The backlash over the widely discussed rise in the UK gambling tax appears to be felt not only by operators. The already struggling hospitality industry, which relies on gaming machines as a source of revenue, also stands on the brink of trouble.
Sir Tim Martin, the founder of the British pub chain JD Wetherspoon, told The Times that raising the Machine Gaming Duty (MGD) from 20% to 50% would create serious concerns for the hospitality sector.
The 50% figure for MGD appears in a report by the think tank Institute for Public Policy Research (IPPR). The institute has also called for the online slots tax to be increased from 21% to 50%, for the general betting duty imposed on bookmakers to rise from 15% to 25%, and for general betting duty rates and the horse racing betting levy to remain at 15% and 10% respectively. The IPPR proposal has been supported by former UK Prime Minister Gordon Brown as a way to tackle child poverty.
It is expected that Chancellor Rachel Reeves will include a gambling tax increase in next year’s budget, which the Labour government will present on 26 November. However, it is not yet known which specific tax rates will be raised.
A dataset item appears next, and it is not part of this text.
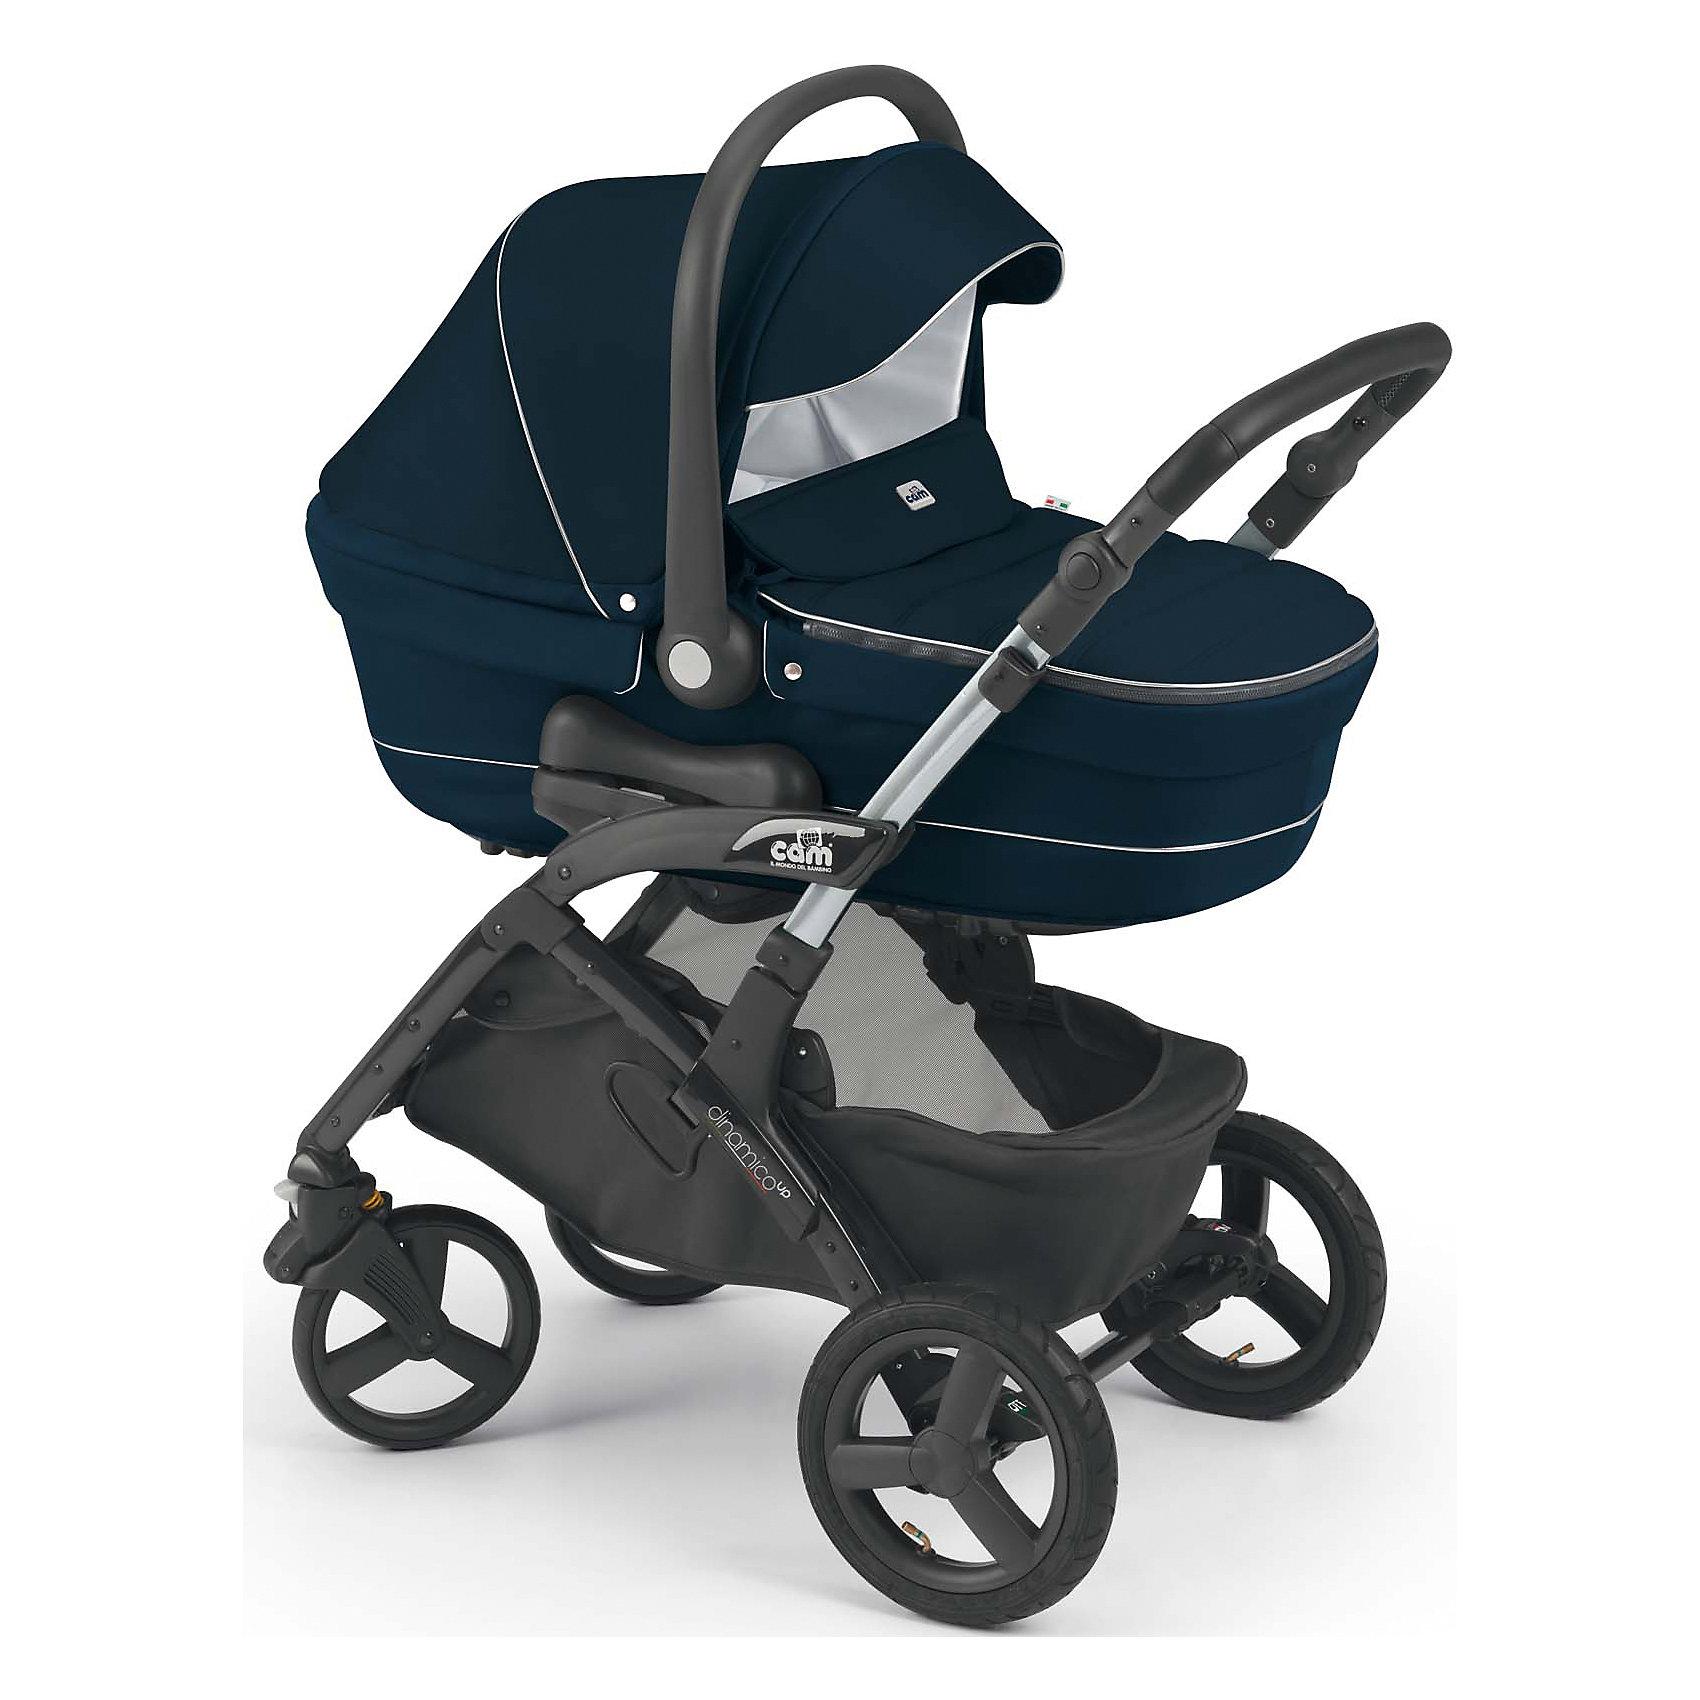 CAM Коляска 3-в-1 Dinamico Up, Cam, синий коляска 3 в 1 cam dinamico elite up exclusive цвет 140

The Times notes that if the IPPR’s proposed MGD figures are applied, Wetherspoon’s gambling duty liabilities would rise from around £27.5m to £45.7m for the past year. Based on current gambling revenues, Martin said that the chain’s total post-tax profits would fall by 48%.
Although Wetherspoon’s gaming machine revenue increased by 11% in 2024 compared to the previous year, Martin said that these machines account for a smaller share of overall sales than in previous years. However, Martin’s comments against the tax increase are only part of the broader pushback from the gambling industry in recent months.
Rank Group CEO John O’Reilly said in October that the company is paying its “fair share” of tax.
In its report for the first quarter of the 2025/26 financial year (1 July – 30 September), O’Reilly expressed confidence in the year ahead. He also noted that Rank and the Treasury are in discussions about how a tax rise may affect the company’s operations.
The Chief Executive said: “Speculation regarding tax changes in the upcoming budget is, inevitably, hanging over the business. We are engaged with the Treasury on the implications of tax changes on the viability of our venues, employment levels, future investment and the customer.
“Last year the group generated £44.6m in profit after tax, having paid HMRC and local authorities £188m in taxes. The Rank Group, with its strong UK focus, is certainly paying its fair share.”
The Betting and Gaming Council (BGC) has also opposed the tax increase. A report by PricewaterhouseCoopers (PwC), commissioned by the BGC, analysed European markets that have taken similar steps.
The report noted that a tax rise could lead to higher prices for operators and cuts in marketing and bonuses. This, in turn, could negatively impact the rate of channelisation into the regulated sector, with some players turning to unlicensed operators.
BGC CEO Grainne Hurst also spoke out against raising gambling taxes during a Treasury Committee hearing in October.
Hurst said: “The industry has a lot of regulations in place voluntarily and the white paper to raise those standards. We track behavioural triggers, late-night play, chasing losses, so we make sure players are staying within the regulated space.”
However, the committee did not seem persuaded by the industry’s arguments and remained sceptical of the BGC-commissioned research. Mainstream media have also sharply criticised the standards body for defending the industry – particularly for its persistent denial of gambling’s role in causing social harm.
Stakeholders in the gambling and hospitality industries now have just over a week to find out exactly how the draft budget will affect their operations.